The data =
------------------------------------------------------------

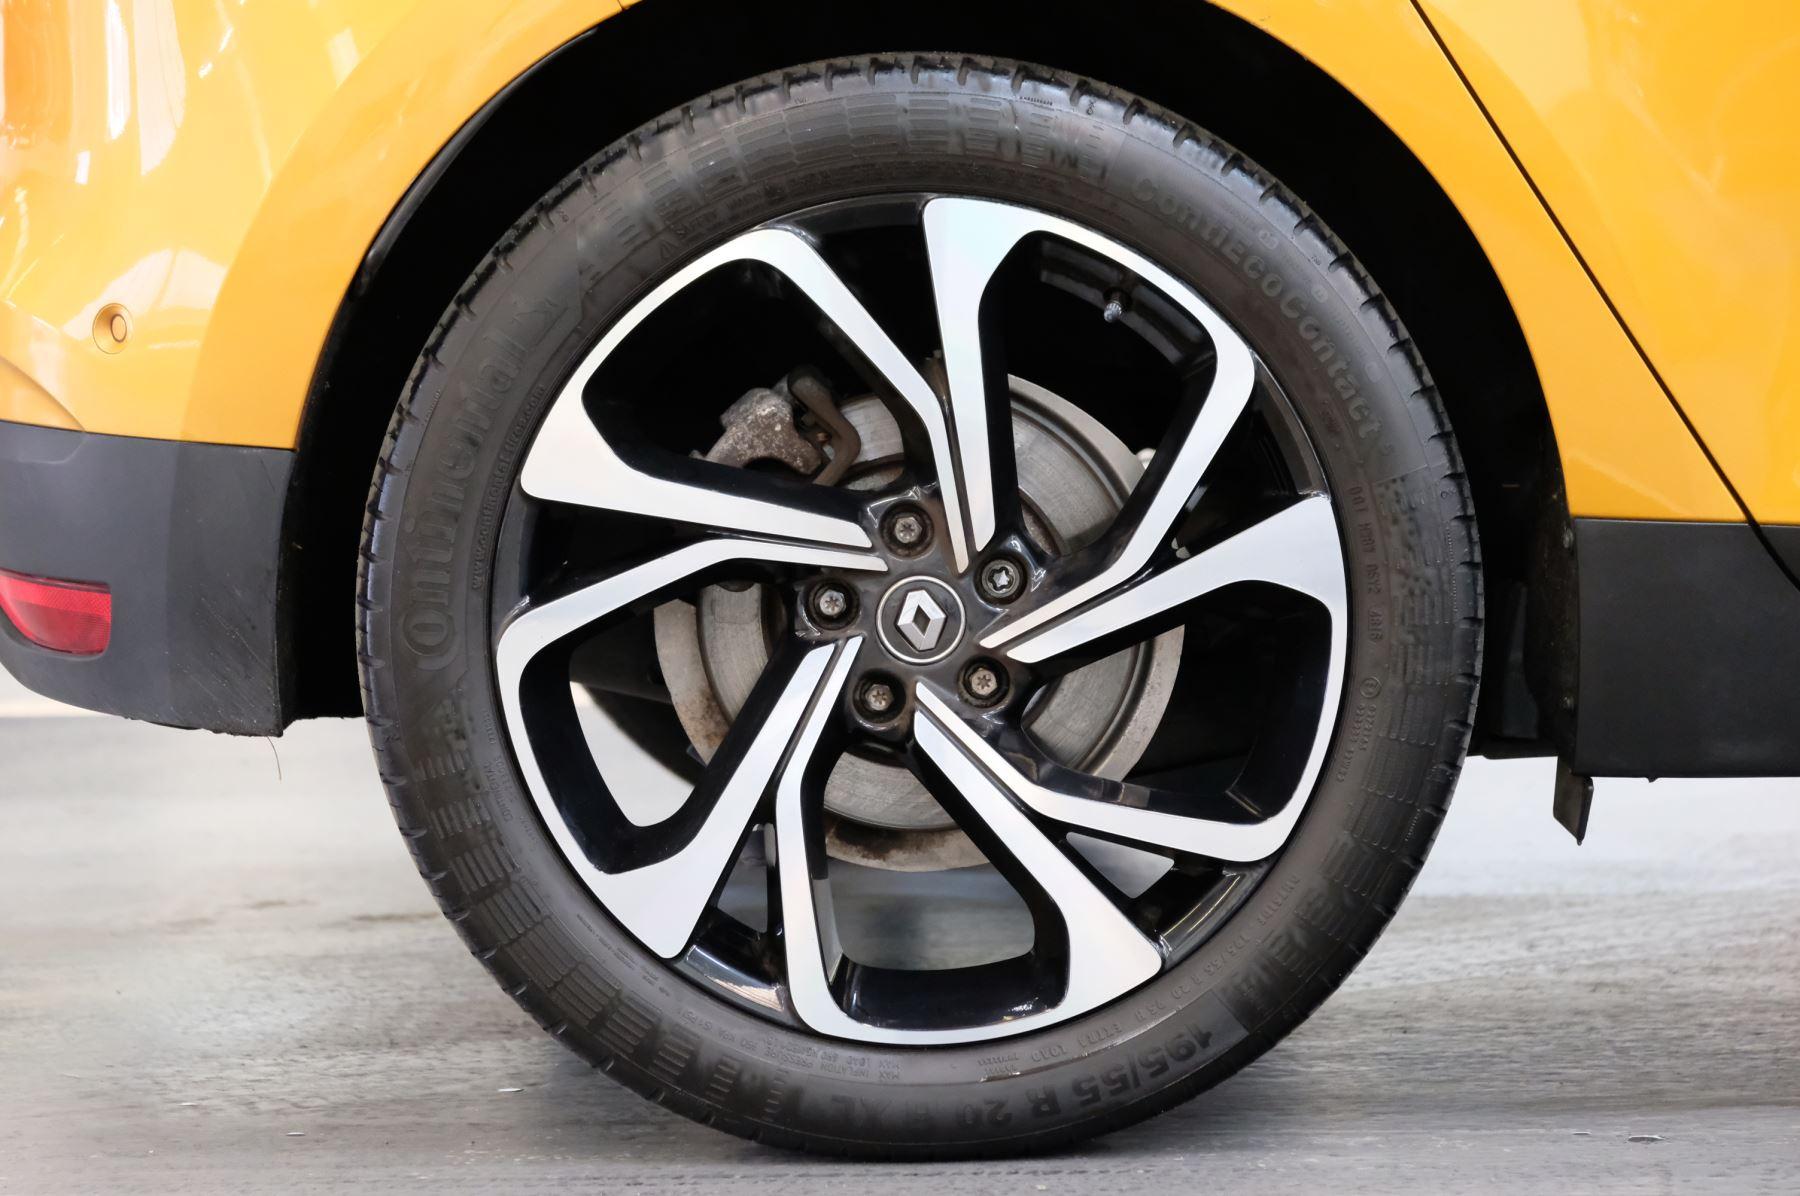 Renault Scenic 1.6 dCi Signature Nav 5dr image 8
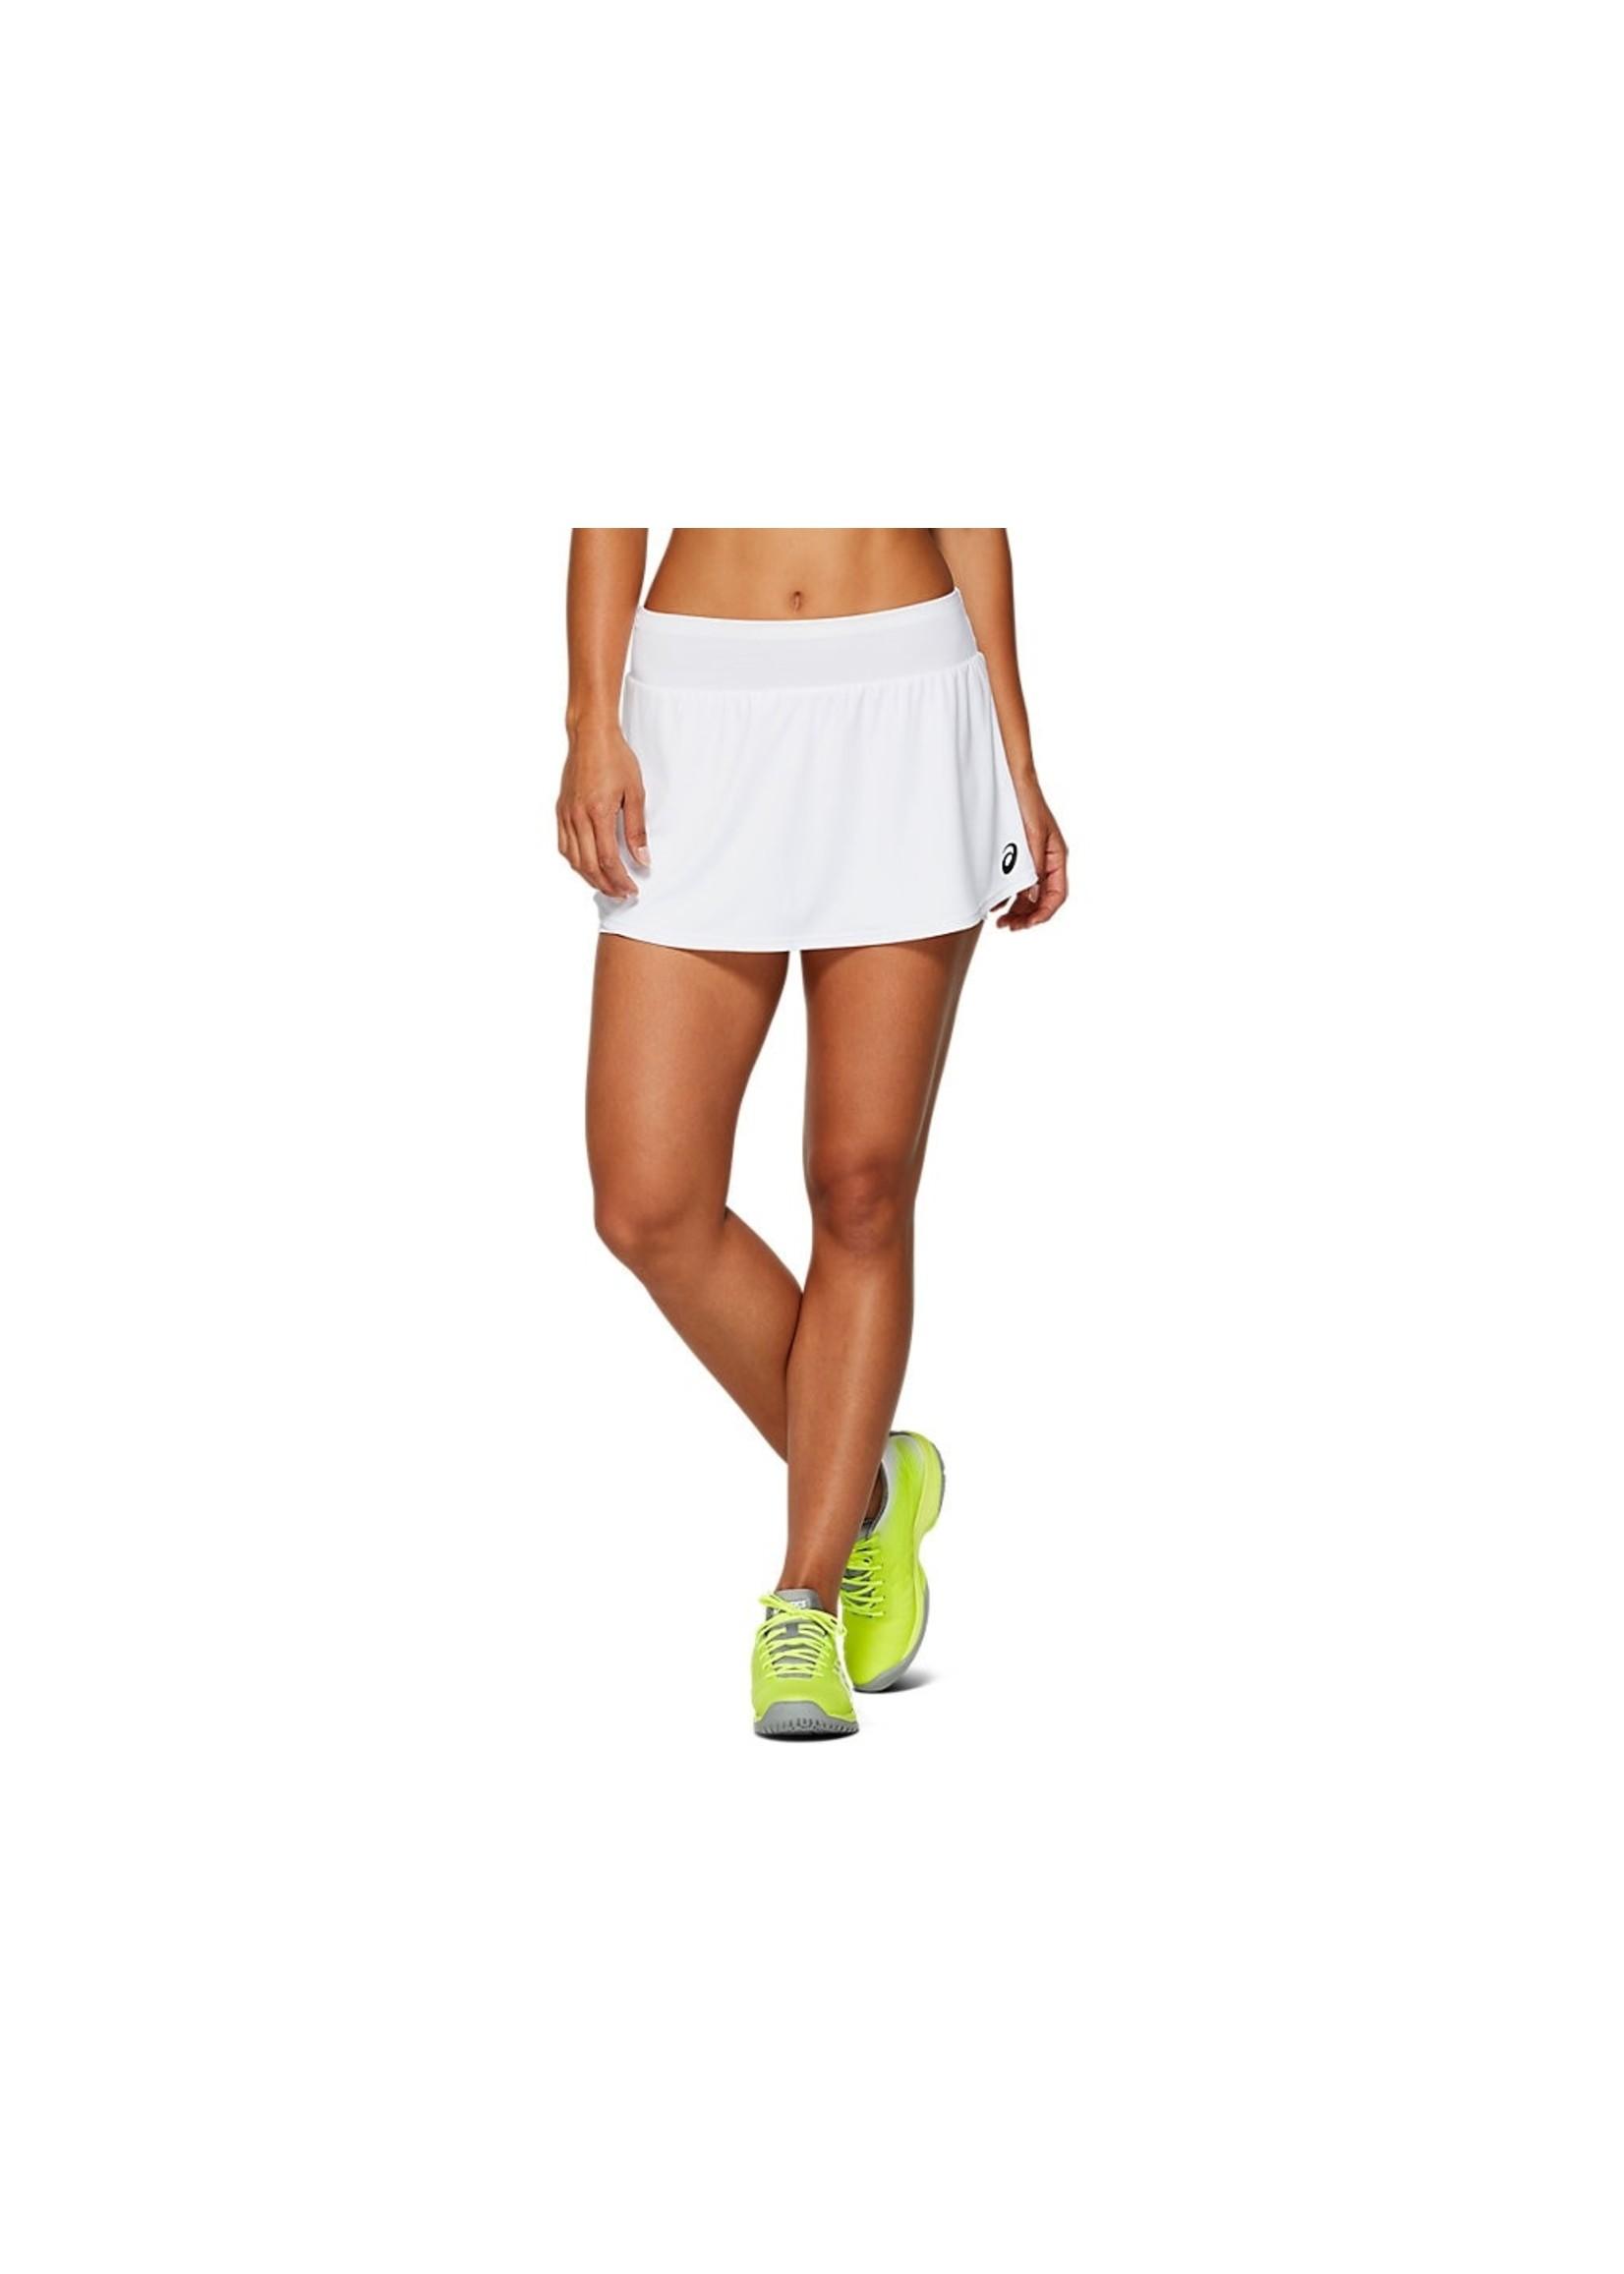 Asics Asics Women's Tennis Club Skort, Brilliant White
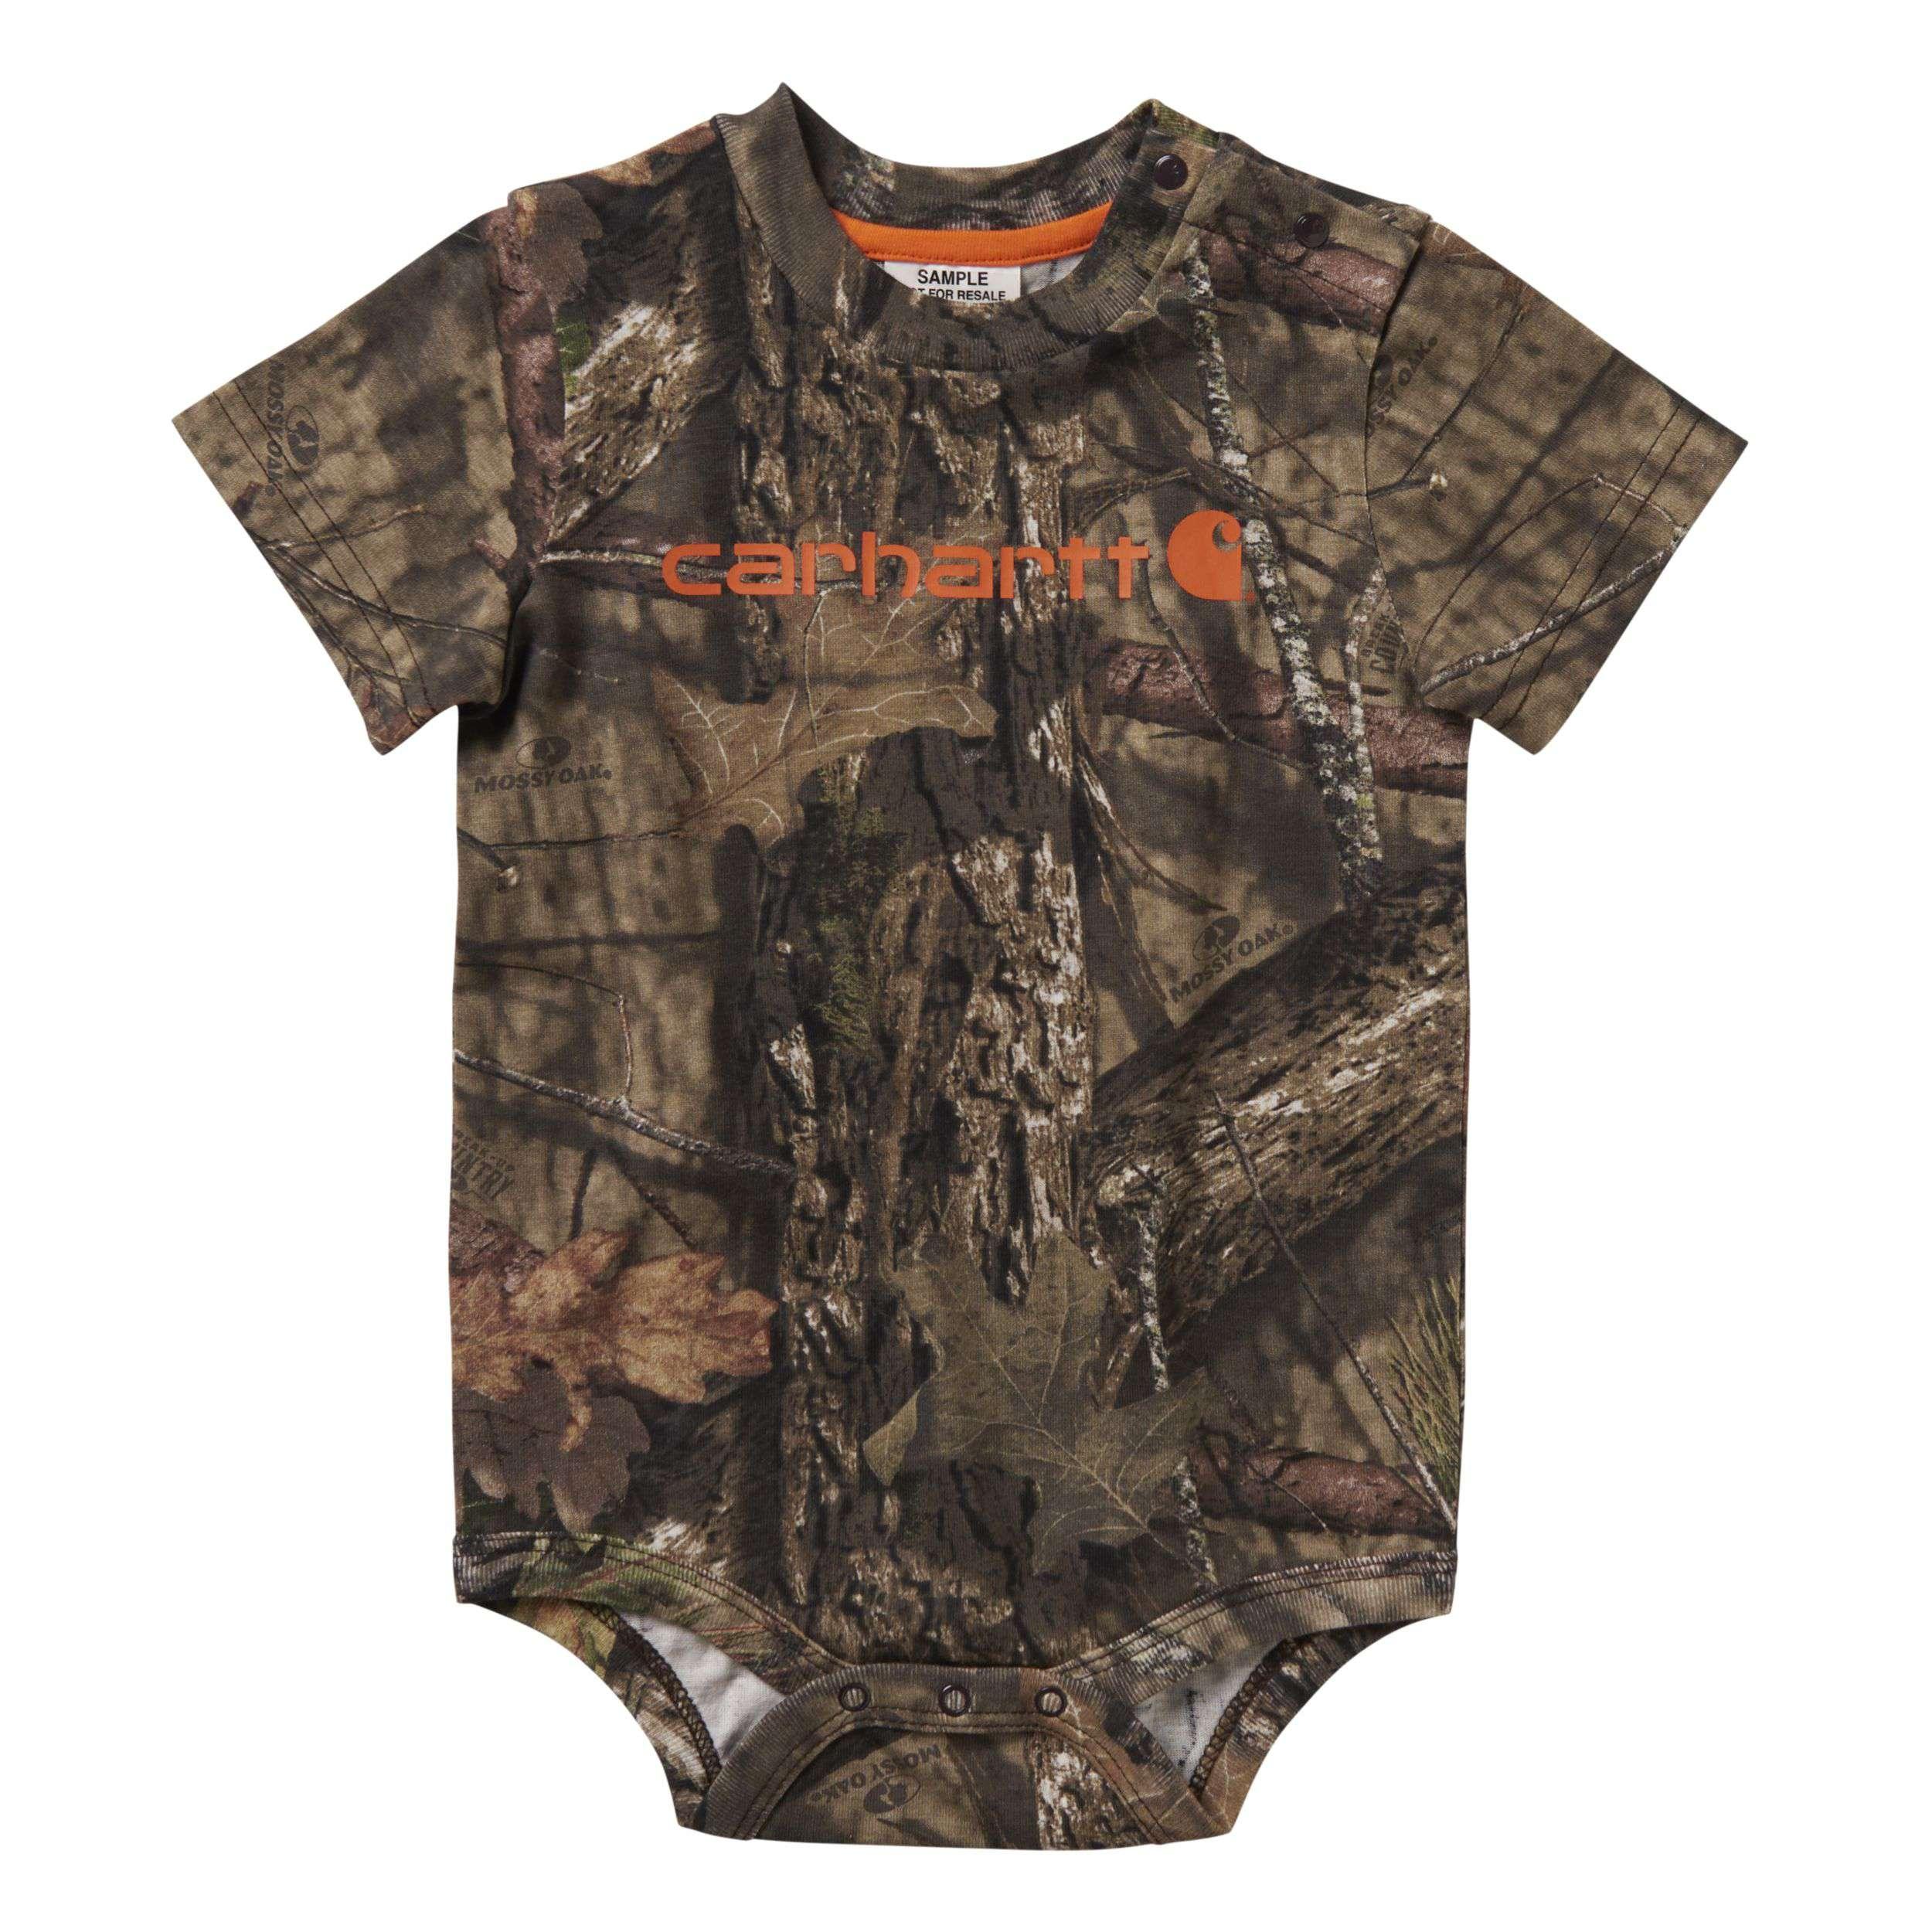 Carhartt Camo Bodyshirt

------------------------------------------------------------

Activity =
Aside from the pictures, repeat the listing exactly.

Response area =
 Renault Scenic 1.6 dCi Signature Nav 5dr image 8
 Asics Asics Women's Tennis Club Skort, Brilliant White
 Carhartt Camo Bodyshirt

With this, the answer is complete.